▸ **Data under study**

*** Begin section ***

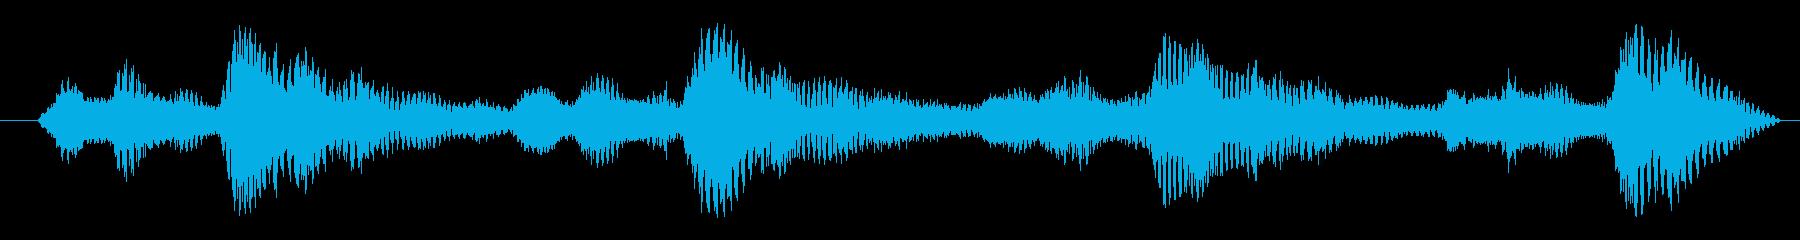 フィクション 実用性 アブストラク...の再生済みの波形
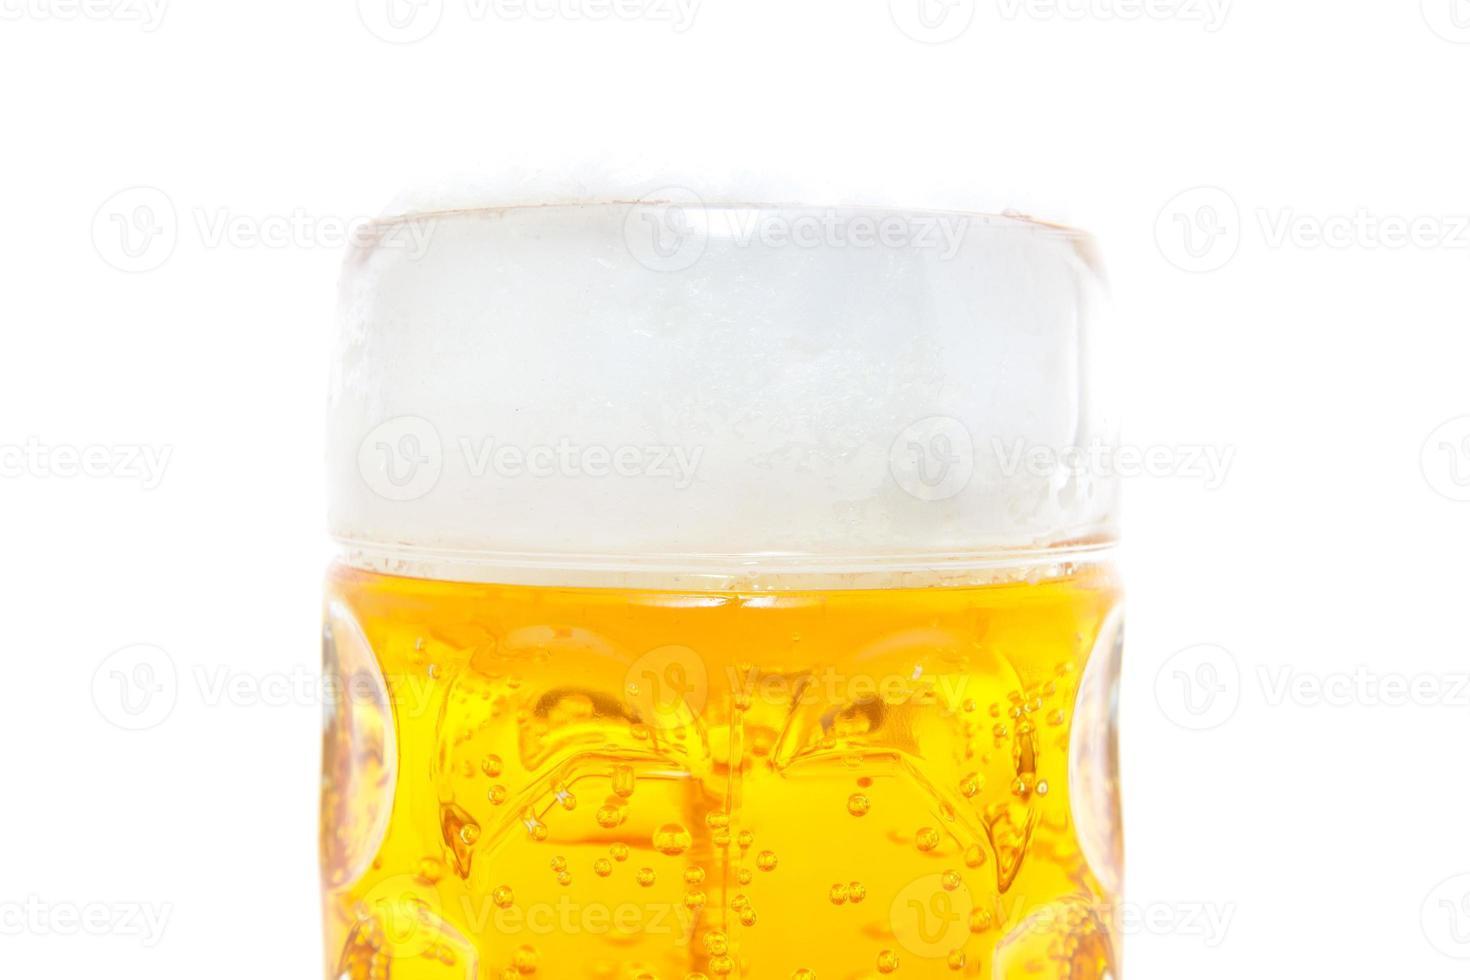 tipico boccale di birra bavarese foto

*** End section ***
*** Begin section ***

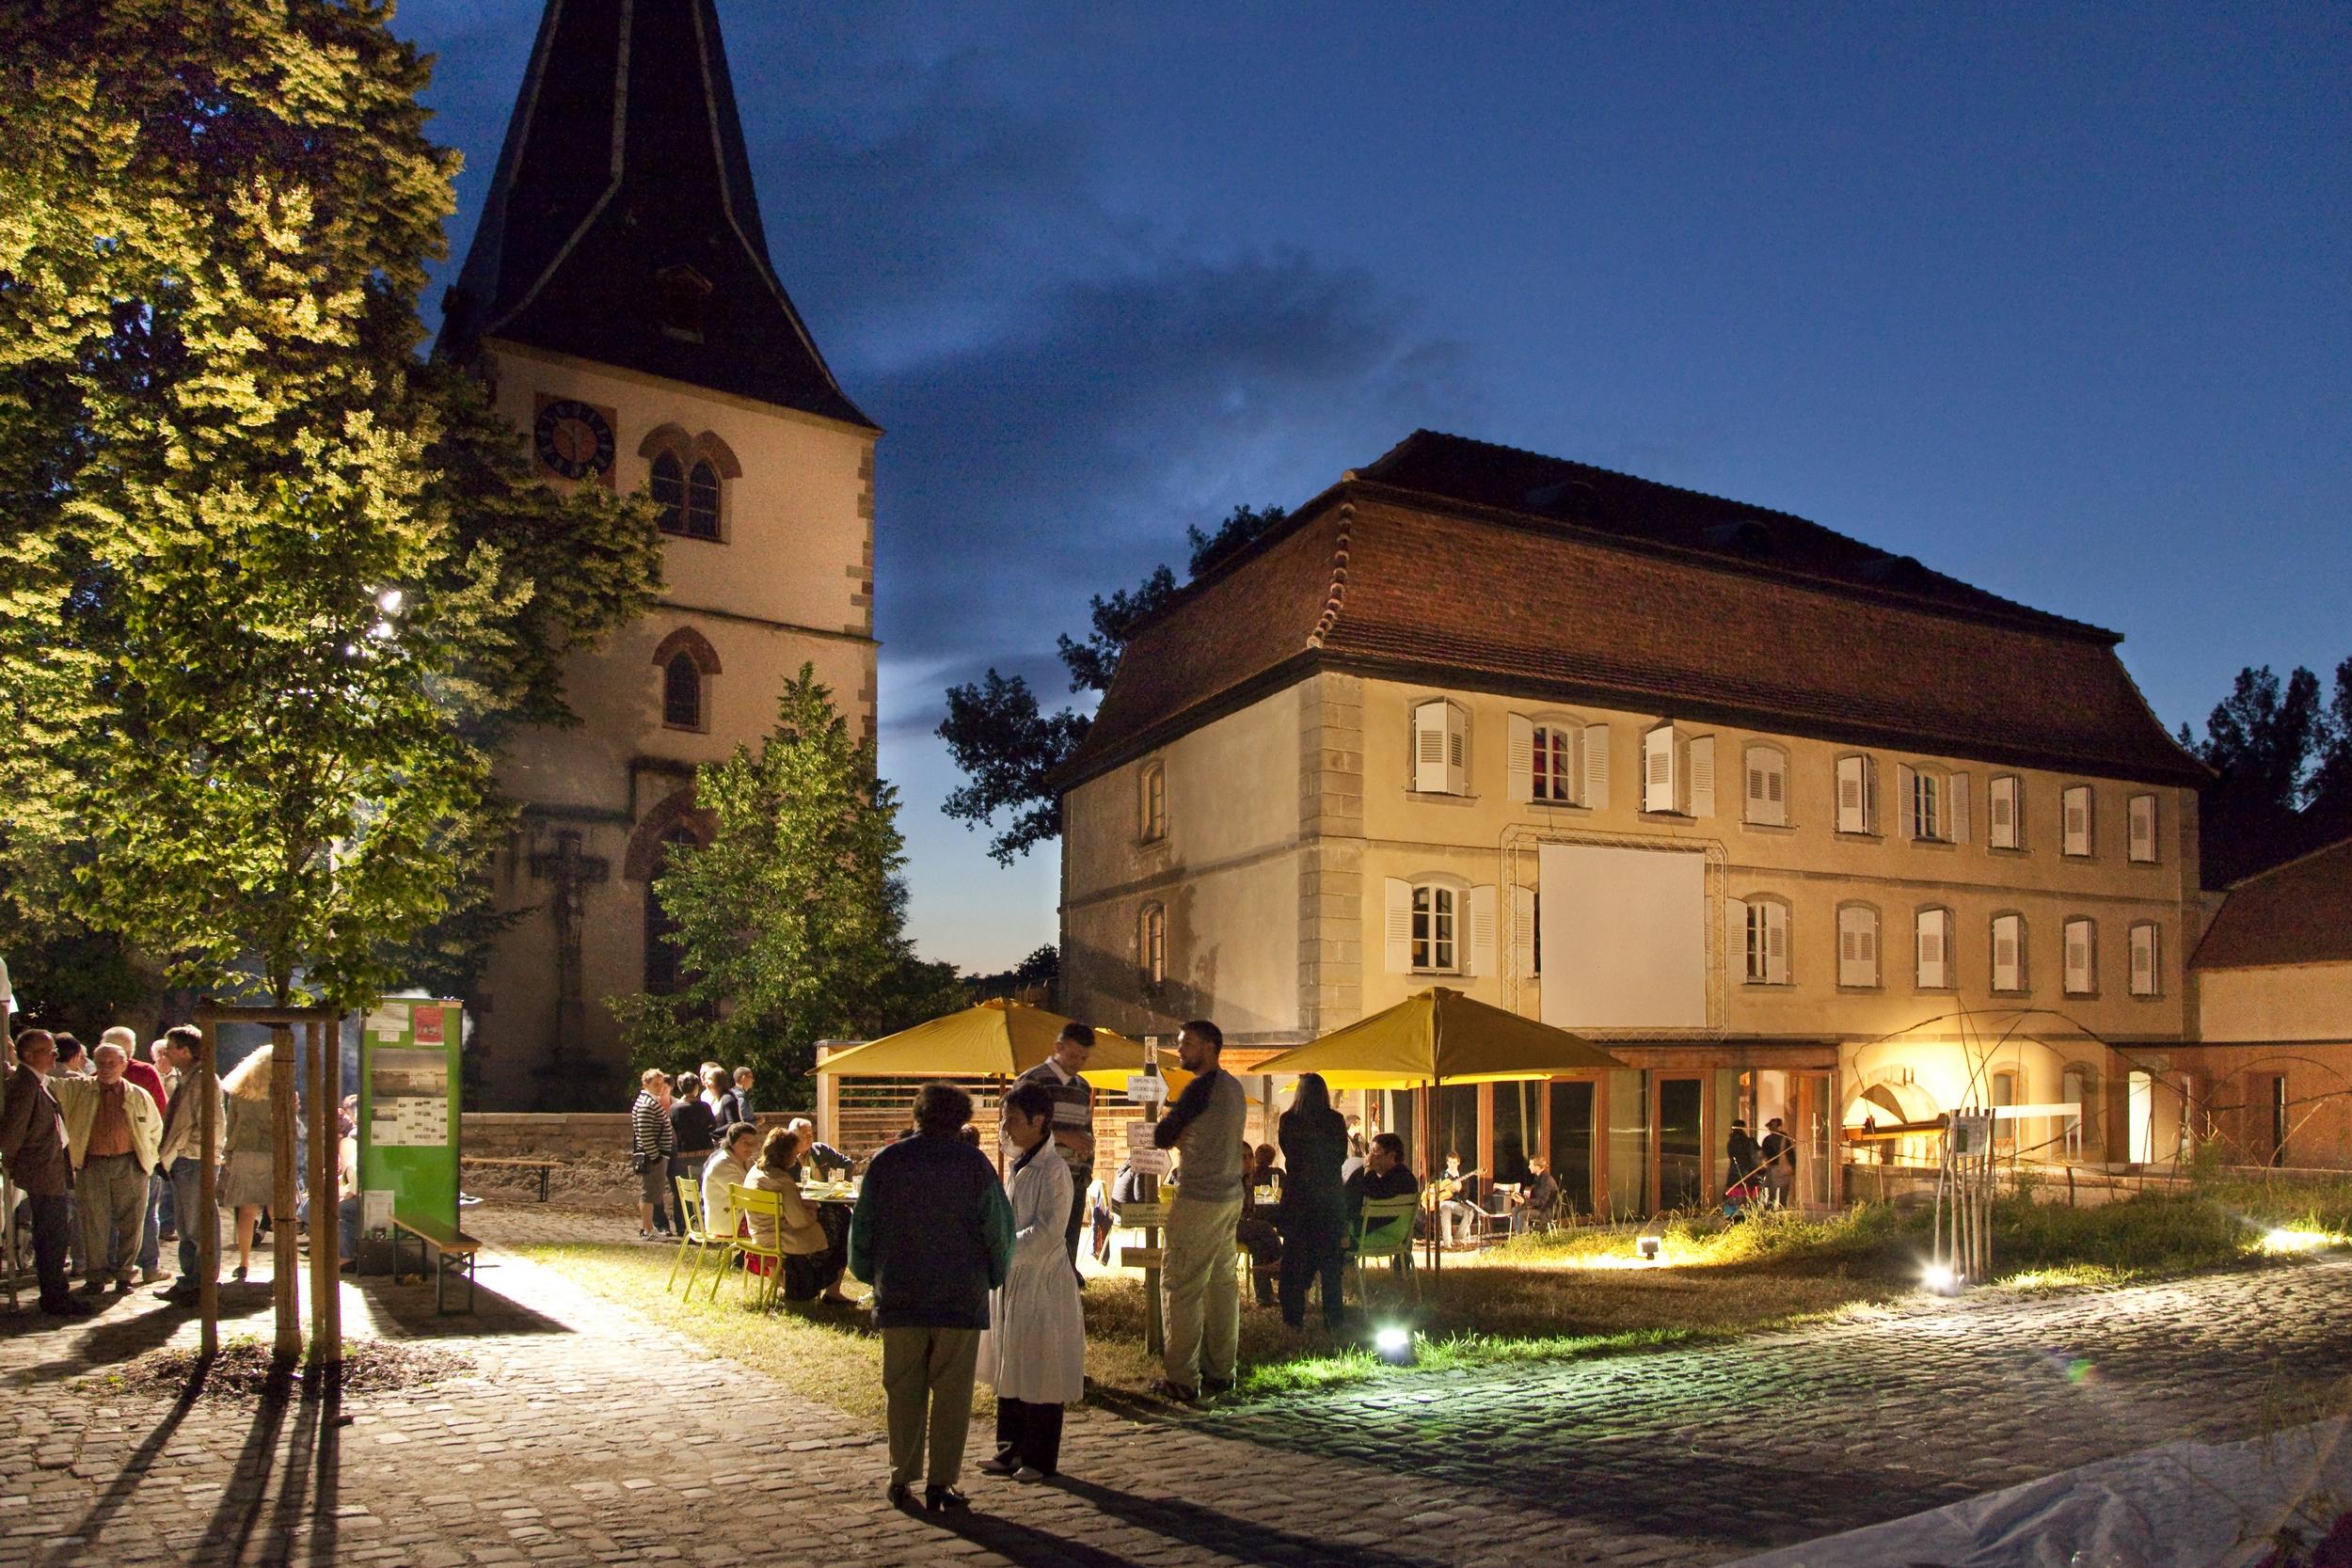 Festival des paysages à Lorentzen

*** End section ***
*** Begin section ***

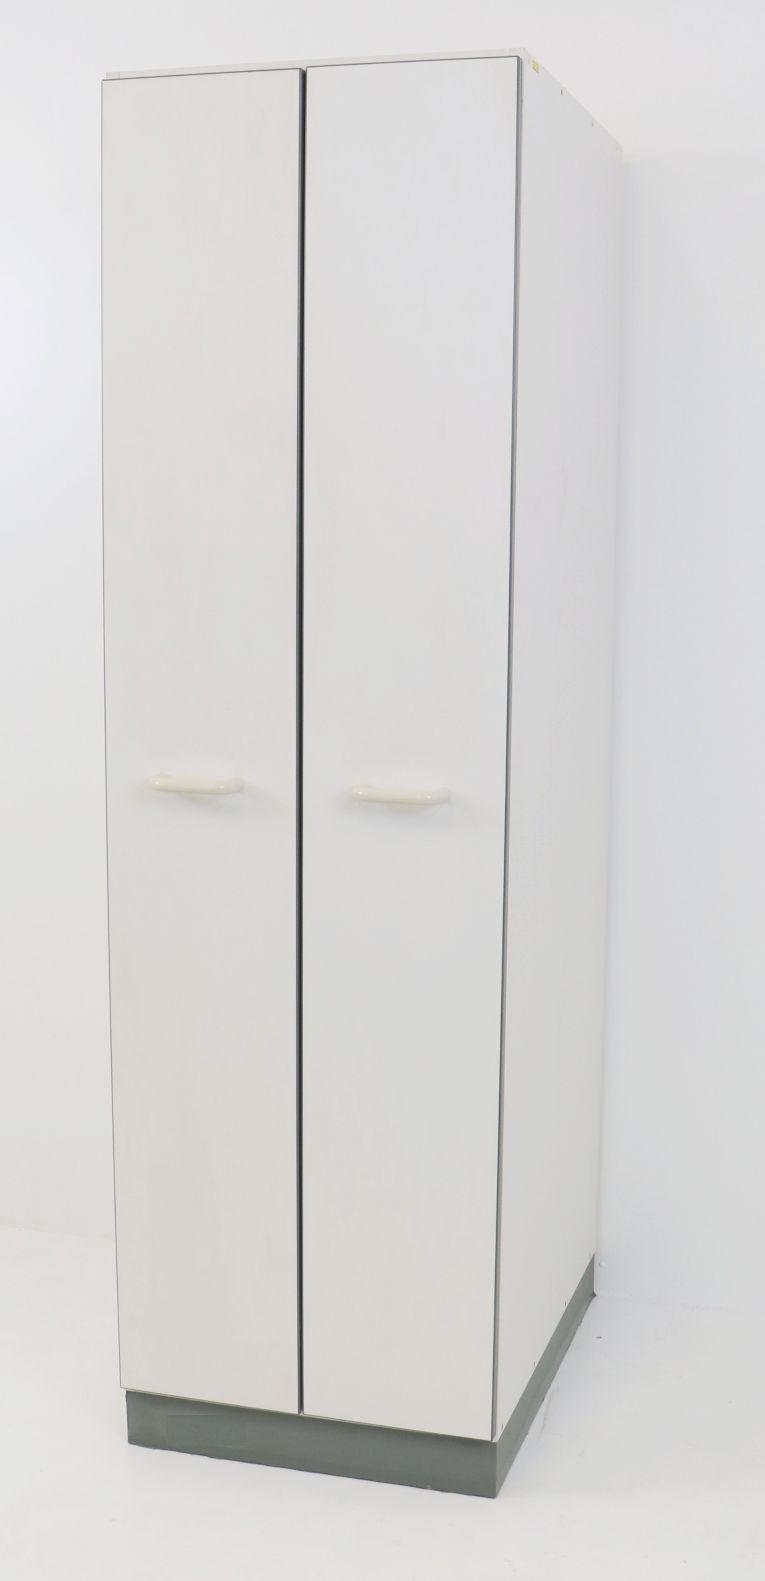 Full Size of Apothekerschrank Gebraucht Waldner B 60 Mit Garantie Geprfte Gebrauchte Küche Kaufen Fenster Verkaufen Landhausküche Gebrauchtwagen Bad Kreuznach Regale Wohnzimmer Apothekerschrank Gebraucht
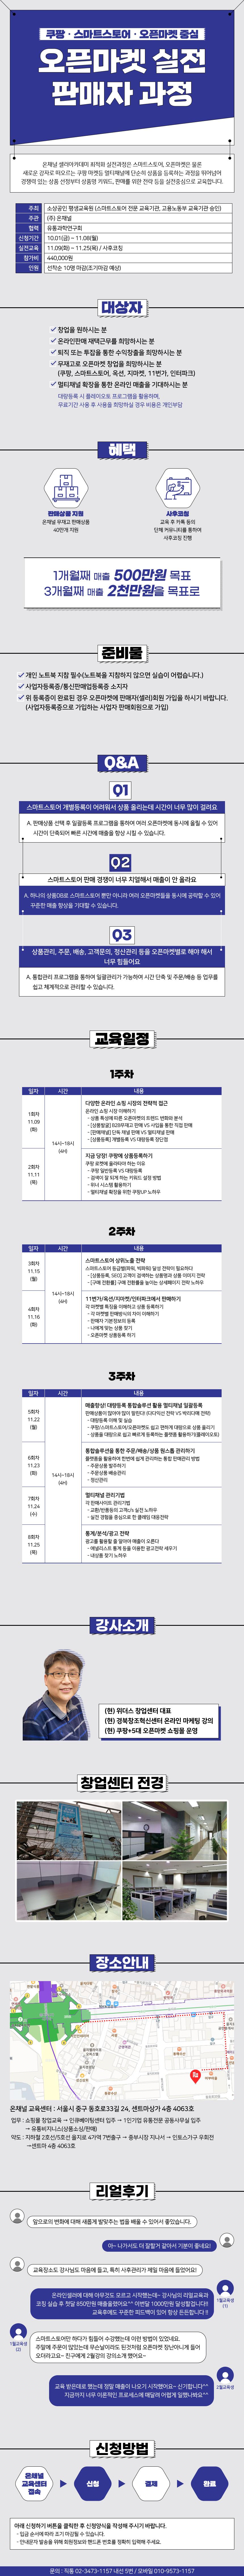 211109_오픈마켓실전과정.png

*** End section ***

▸ **Task details**
In the listing above, find the line containing "フィクション 実用性 アブストラク...の再生済みの波形" and the line containing "tipico boccale di birra bavarese foto"; print those lines and every line between them exactly, leaving out pictures.

▸ **Response box**
 フィクション 実用性 アブストラク...の再生済みの波形
 tipico boccale di birra bavarese foto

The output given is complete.